Nice while it lasted

As I was getting into bed the other night, a phrase popped into my head. I turned the light back on and wrote it on my whiteboard. Today I decided to google it and see if someone had already said it. No matches. I'm going to write it for you now, so when someone searches for it in some distant age, they will find that it first appeared at 17 Word Street in the second decade of the third millennium.

Literacy -- just another flash in the pan

Monday, March 21, 2011

Words as vectors

For the past 12 months, I've been working with my partners Chris Hart and Todd Israelite to launch a new venture by the name of sr4. Recently, Chris has been giving a presentation that he calls The Path to Sustainable Change. Chris has also been leading our effort to replace our provisional website with a much better one, and as I looked at the design for the new landing page, I saw that The Path to Sustainable Change is now right up there next to our logo -- like a tagline!

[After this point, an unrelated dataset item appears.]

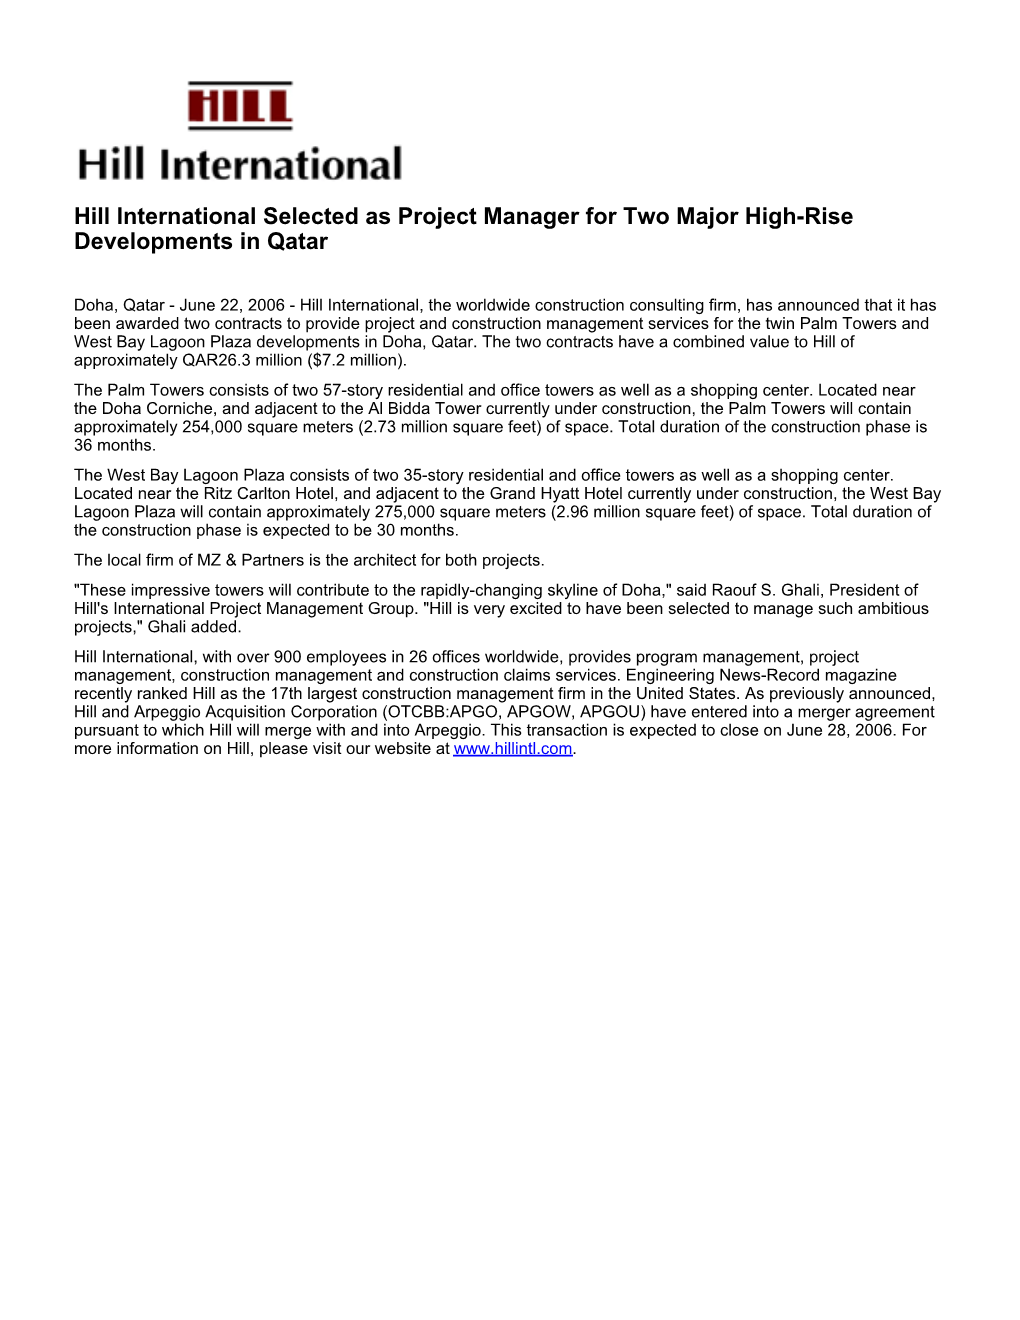 Hill International Selected As Project Manager for Two Major High-Rise Developments in Qatar

I thought I should start taking that phrase seriously. So, when I had the opportunity to name four buckets on the landing page, I chose to use the word "path" in each heading. One day, while Todd and I were discussing the right designation for the entrance to our blog, he blurted out, "Live, from the Path." I wrote it down and sent it to the website designer.

So now let me talk about the vector-significance of two word choices: "path" and "live" (vector: a quantity with both magnitude and direction).

That word "path" suggests a way forward, worn by feet, discovered by trial and error, which can broaden out and narrow back down according to circumstances, and which remains a path only as long as it works -- to get people from where they are to where they want to be. With that as a picture in your mind, you know you will now write about your work in a certain way--in the style of an experienced guide on a path not at all well-known by many who would like to get to where it leads.

And when you think of filing dispatches "live," from the path, you know you're no longer waiting for some brilliant insight before you sit down to write. You're not painting on a large canvas; you're just taking a snapshot of where you are right now, right here, on this little bend in the path.

The choices of two little words -- made pretty much on the fly -- carry the magnitude and the direction to change how you talk about what you do, and how you talk about what you do begins to shape the scaffolding of your brand.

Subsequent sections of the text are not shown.